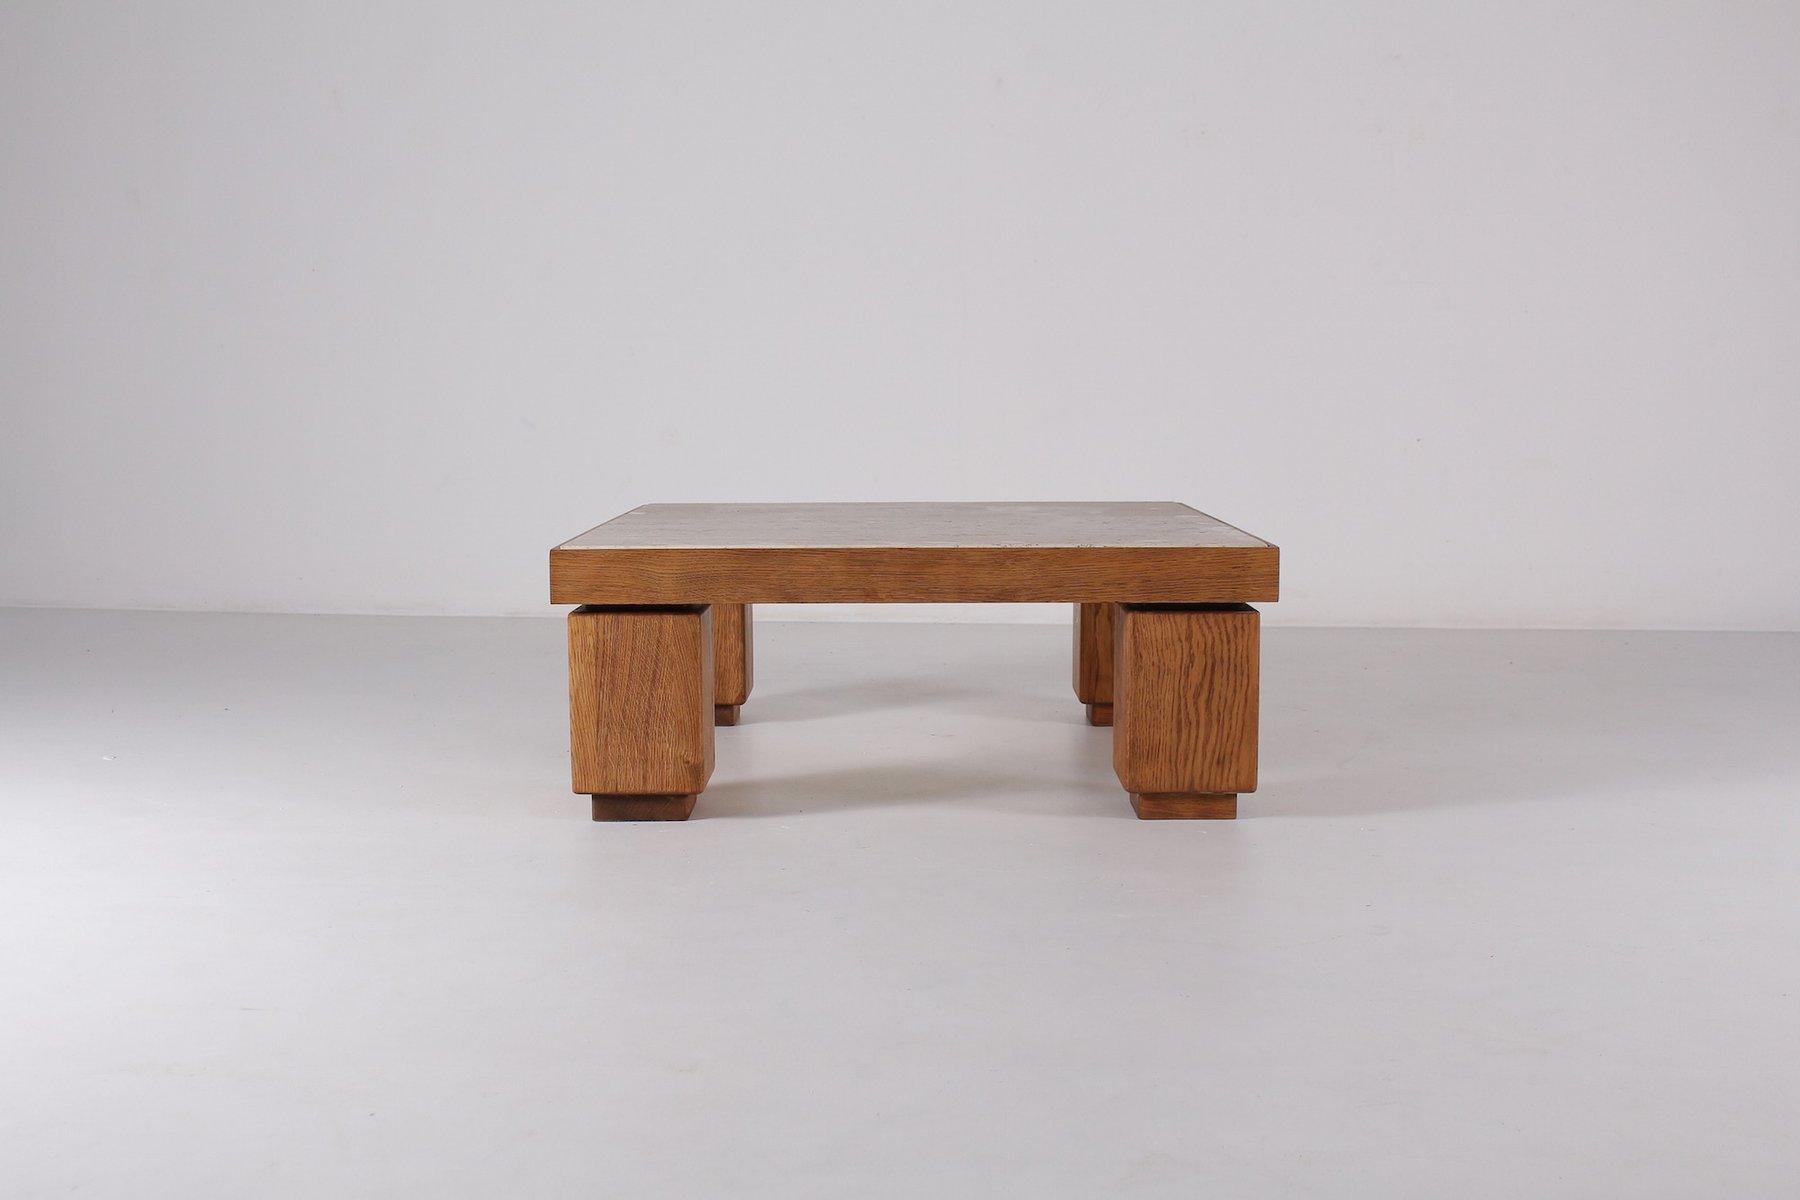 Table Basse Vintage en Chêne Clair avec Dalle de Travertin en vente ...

--

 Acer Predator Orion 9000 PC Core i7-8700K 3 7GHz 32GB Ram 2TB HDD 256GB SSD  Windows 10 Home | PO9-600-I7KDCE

* * *

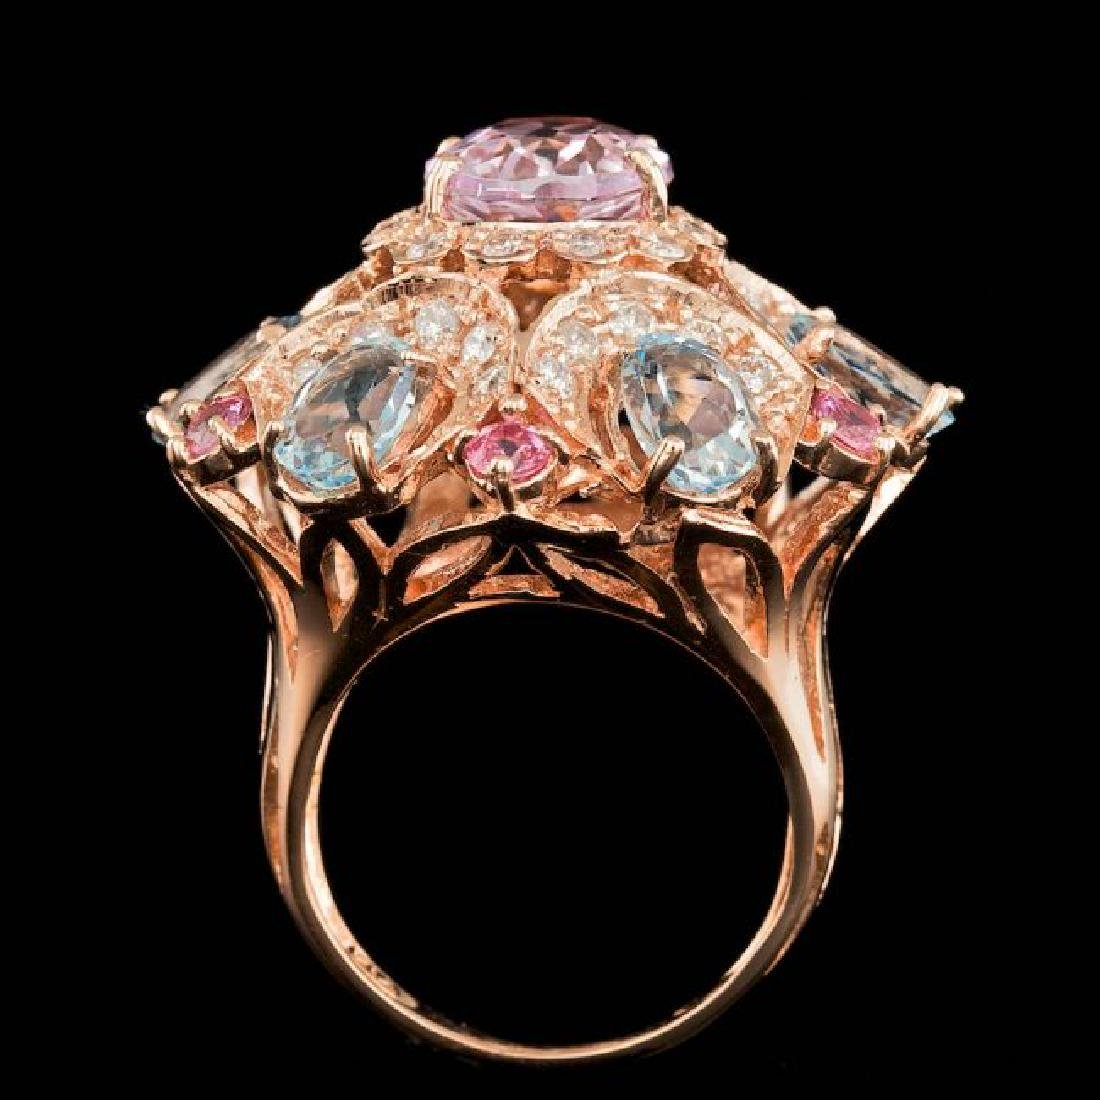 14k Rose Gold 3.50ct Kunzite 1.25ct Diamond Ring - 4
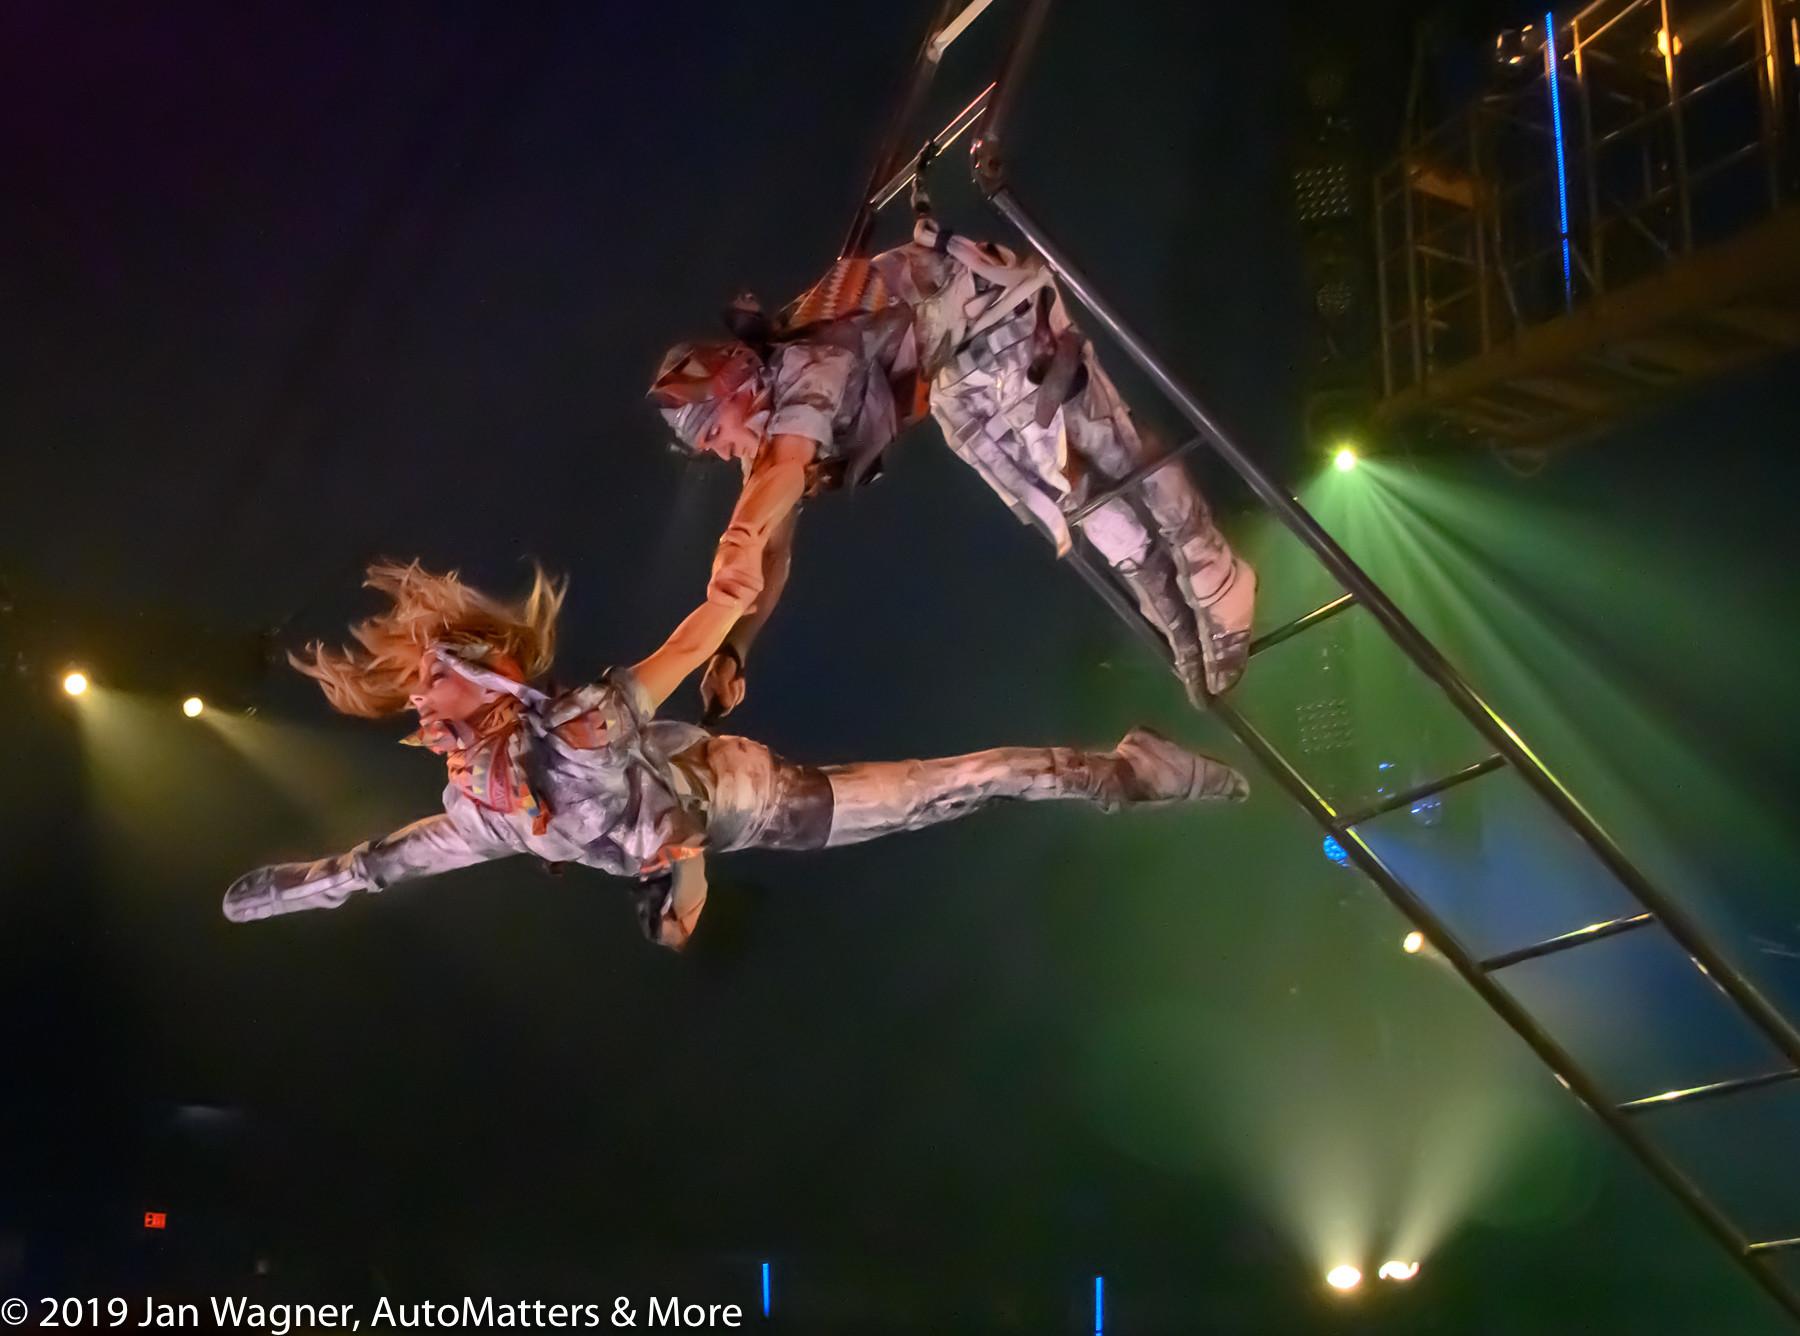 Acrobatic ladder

WHAT THIS TASK INVOLVES —
Starting at the line above that holds "14k Rose Gold", return each line up to and including the one that holds "Acrobatic ladder", exactly as written, minus any pictures.

EXERCISE ANSWER —
 14k Rose Gold 3.50ct Kunzite 1.25ct Diamond Ring - 4
 Acrobatic ladder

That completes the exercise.